The above built-in displays are supplemented with a new 3D graphical tool named QViewer. Technically, QViewer is a stand-alone module operating on shape (*sh3) and field (*dmp, *ve3, *vi3) files exported by QW-Simulator. It is conveniently launched from QW-Simulator and included in the basic QW-3D licence. QViewer allows mesh, fields, and currents visualisation over sub-volumes, intersecting planes as well as over curved surfaces.

In order to facilitate effective data transfer from QW-Simulator to QViewer, as well as to other graphics post-processing tools, field and power envelopes over sub-volumes of the project are implemented. Thus, for example, the user interested in disspated power pattern over a small load may restrict the generation and saving of the power envelope to that load. This accelerates the envelope generation and reduces the size of data file.

There are major changes in geometry input facilities. Importing of SAT files is enhanced, for example, media labels will now be considered to simplify the import of inhomogeneous structures.
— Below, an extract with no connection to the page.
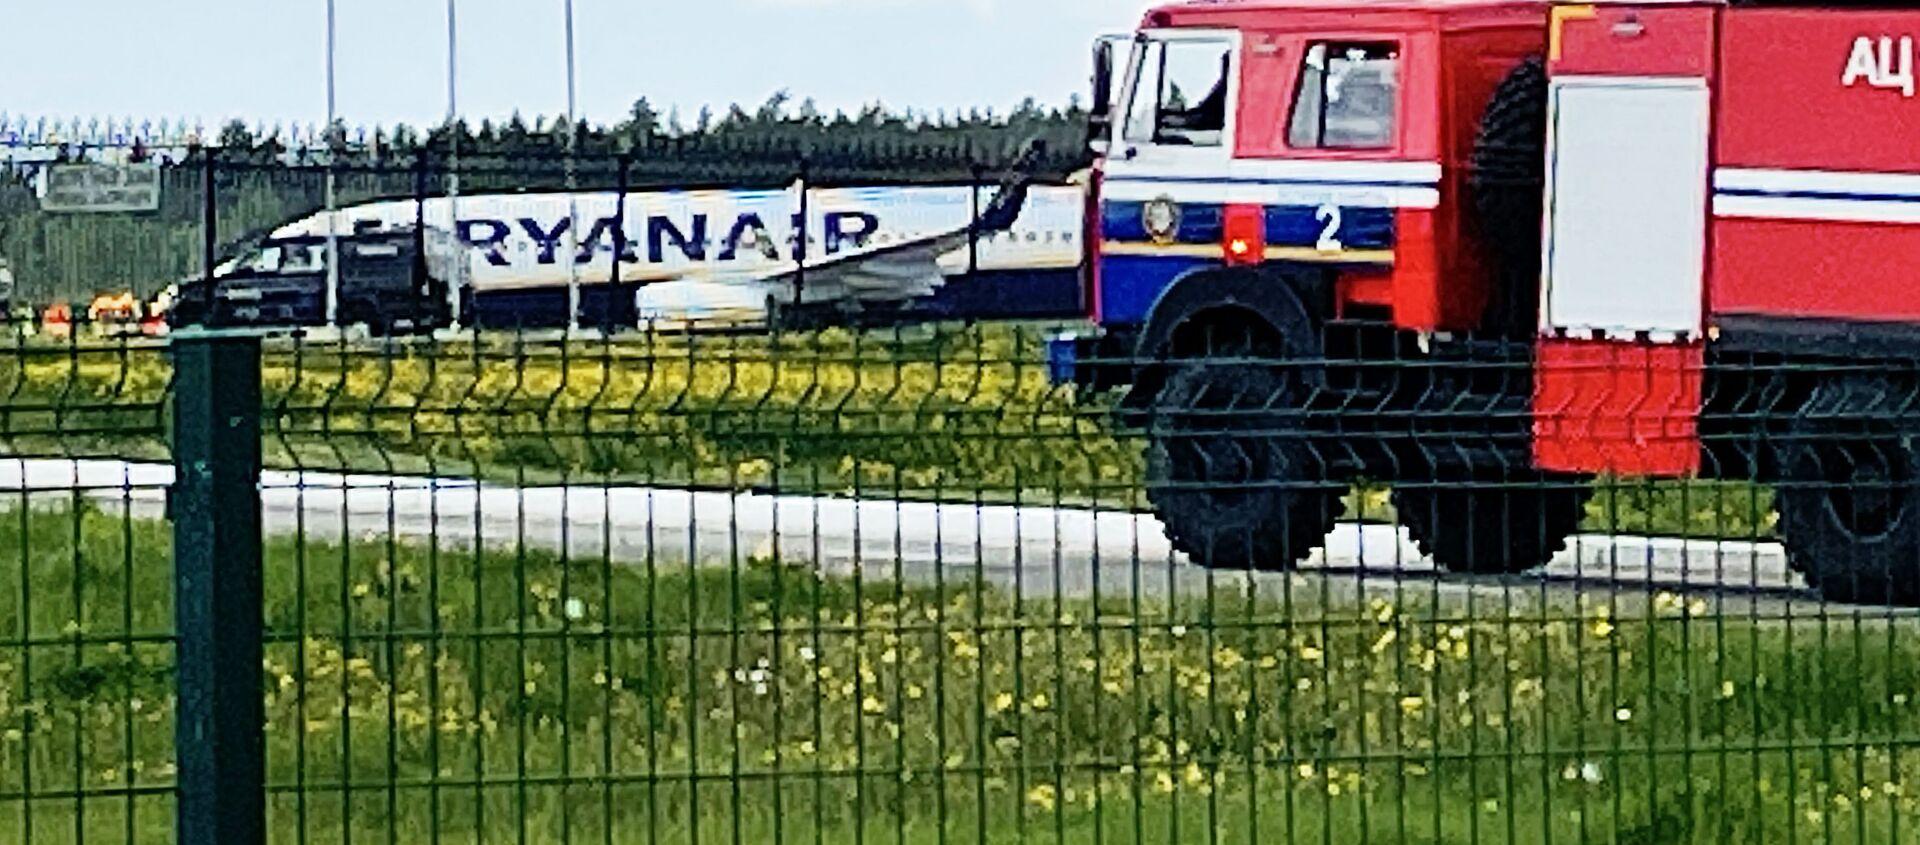 Samolot Ryanair w Mińsku - Sputnik Polska, 1920, 24.05.2021

A feature awaited by many users are virutal contours for electric field integration. In the case of potential fields, such an integral has a physical meaning of voltage. The time-dependent integral is transformed into the frequency-domain and displayed by the FD-Probing postprocessing, in the same way as volatges and currents at lumped elements. The contours can be defined via UDOs from the new "contour" library.

New UDO language commands for inserting new media, assigning medium to an object and setting thermal media parameters, as well as several other ones, have been implemented.

AMIGO - Advanced Mesh Intelligent Generation Option - is another new and interesting feature. It is now under tests and will be released in the Autumn revision. AMIGO will excellently simplify the process of optimum mesh generation by:

proposing basic cell size will be proposed based on user-defined wavelength resolution in the considered frequency band,
optional automatic mesh refinement in higher-permittivity or permeability materials,
automatic introduction of mesh snapping planes along edges or at vertices of elements defined by the user as "hard" – while at the same time ensuring smooth surface approximation for elements defined as "soft",
• cell size enforcement at each mesh snapping plane in either absolute terms (as in previous versions of the software) or in relative terms (through a refinement factor, with respect to basic cell size in the particular direction),
• proportional scaling of the mesh over the whole project, with a single mesh refinement factor.

The Autumn revision will also bring (within QW-BHM module) interfaces to external heat transfer software

Qt framework opens new possibilities of launching QW versions for operational systems other than Windows, and for LINUX in particular. Although the Linux version is not scheduled for the immediate future, interested users are encouraged to contact QWED. Your wishes in this regard will accelerate our work on Linux.

Last but not least, the above revolutionary changes in our graphical environment make us fully compatible with the most up-to-date hardware. In particular, we shall be able to react very quickly to the practical advent of new 64-bit processors and systems expected next year. Besides obvious advantages in speed, they will break the barrier of 2GB memory allocation imposed by the 32-bit compilers.

We hope you will enjoy those changes and are looking forward to your input.